337 - The S3 gateway `put` operation with the copy support will use the underlying adapter to copy the data. Will require from each adapter to support/emulate a 'copy' operation.
338 * (optional) Enable 'move' API as alternative to 'copy' we have seen that moving objects from one location to another by copy+delete of metadata will enable easy support for lakeFSFS move. This can be implemented by marking the entry on staging as 'locked'. During the move operation - lock+copy+delete+unlock operation.
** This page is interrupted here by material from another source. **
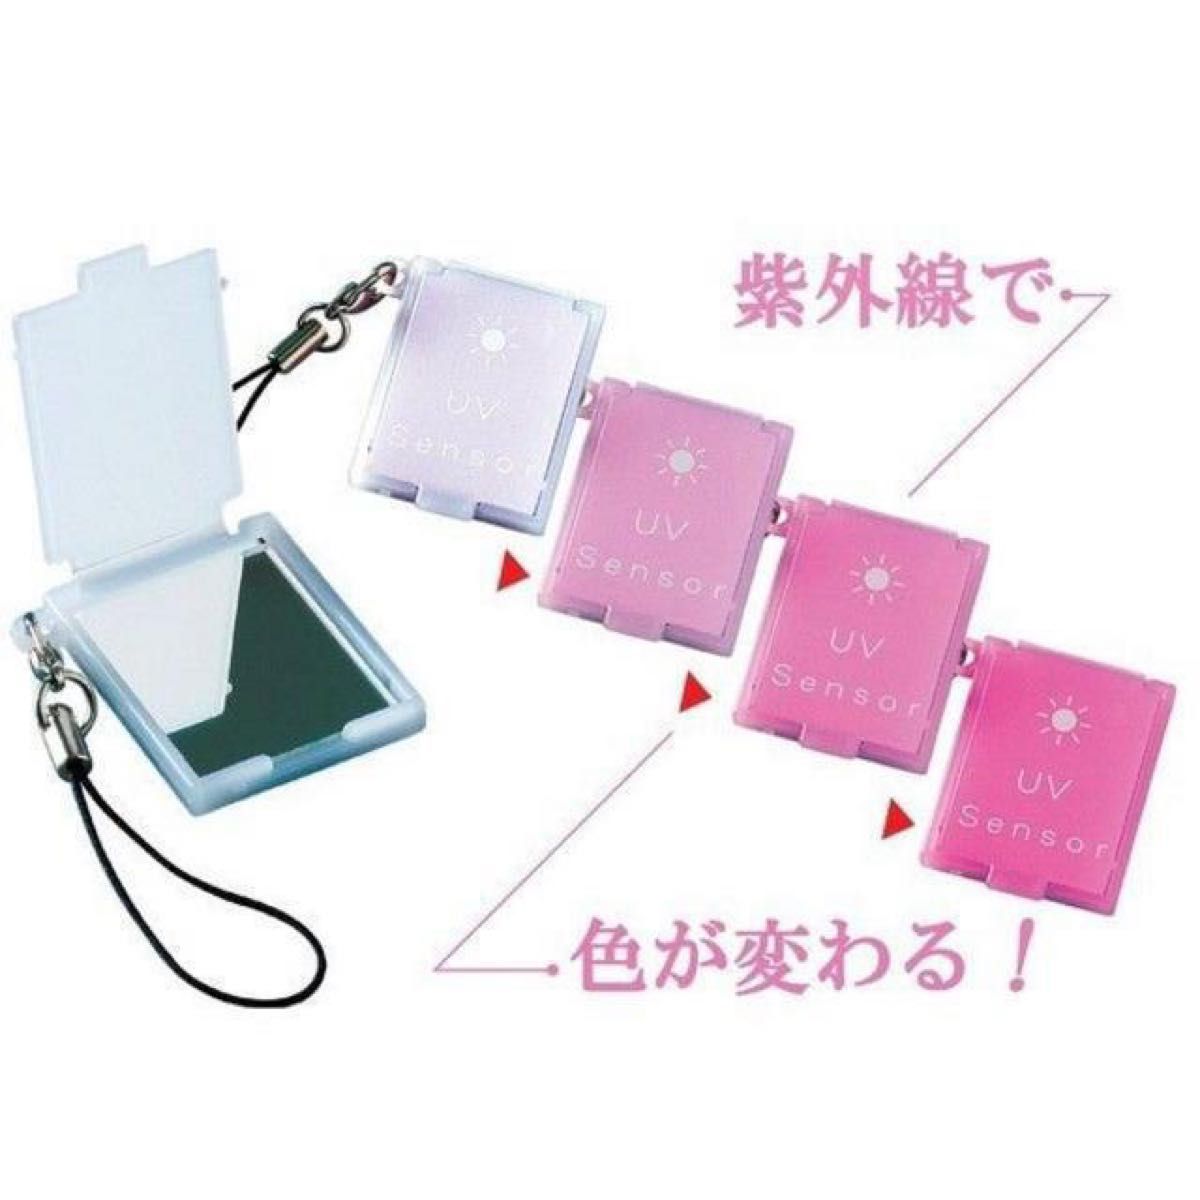 携帯ミニコンパクトミラー 日本製 紫外線対策

In case of any failure, as we don't have transactions, we may keep two entries, or keep locked object without ever delete its physical address.
339
340 TODO(Barak): list more cases and how it will be address in this solution.
341
342 ### Object Locking
343
344 Add a new field in the staging area struct to indicate whether the entry is currently locked or not
345 ```
346 type Value struct {
347 Identity []byte
348 Data []byte
349 Locked bool
350 }
351 ```
352 We can then use `SetIf` to ensure concurrently safe locking mechanism.
353 When deleting a staged entry (either by DropKey, ResetBranch, DeleteBranch) we will perform Hard Delete of object only in case
354 the entry is not locked.
355
356 ### Flows
357
358 #### Move operation
359 1. Get entry
360 2. "Lock" entry (`SetIf`)
361 3. Copy entry to new path on current staging token
362 4. Delete old entry
363 5. "Unlock" entry (new entry)
364
365 #### Upload Object
366
367 1. Get entry
368 2. "Lock" entry if exists (override scenario) (`SetIf`)
369 3. Write blob
370 4. Add staged entry (or update)
371 5. Delete physical address if previously existed
372
373 #### Delete Object
374 1. Get entry
375 2. "Lock" entry (`SetIf`) to protect from delete - move race
376 3. Delete staging entry
377 4. Hard delete object
378
379 ### Races and issues
380
381 #### 1. Commit - Move Race
382 1. Start Move:
383 1. Get entry
384 2. "Lock" entry
385 2. Start Commit:
386 1. Change staging token
387 2. write commit data (old entry path was written)
388 3. Move:
389 1. Create new entry on new staging token
390 2. Delete old entry
391 3. "Unlock" physical address
392
393 Now we have an uncommitted entry pointing to a committed physical address. If we reset the branch we will delete
394 committed data!
395
396 #### 2. Delete - Move Race
397 1. Start Delete:
398 1. Get entry
399 2. Check if not "locked"
400 2. Start Move:
401 1. Get entry
402 2. "Lock" entry
403 3. Copy entry to new path on current staging token
404 3. Delete:
405 1. Hard Delete object from store
406
407 In this situation we have an uncommitted entry which points to an invalid physical address.
408 **Resolved by locking the entry on delete flow as well**
409
410 #### 3. Concurrent Move
411 Concurrent move should be blocked as it may cause multiple pointers for the same physical address.
412 The most straightforward way to do so is to rely on the absence of the lock.
413 The problem with this approach is that permanently locked addresses (which is a protection mechanism in case of catastrophic failures)
414 can never be moved -which leads us to the stale lock problem.
415
416 #### 4. Stale lock problem
417 We use the lock mechanism to protect from race scenarios on Upload (override), Move and Delete. As such, an entry with a stale
418 lock will prevent us from performing any of these operations.
419 We can overcome it with a time based lock - but this might present additional challenges to the proposed solution.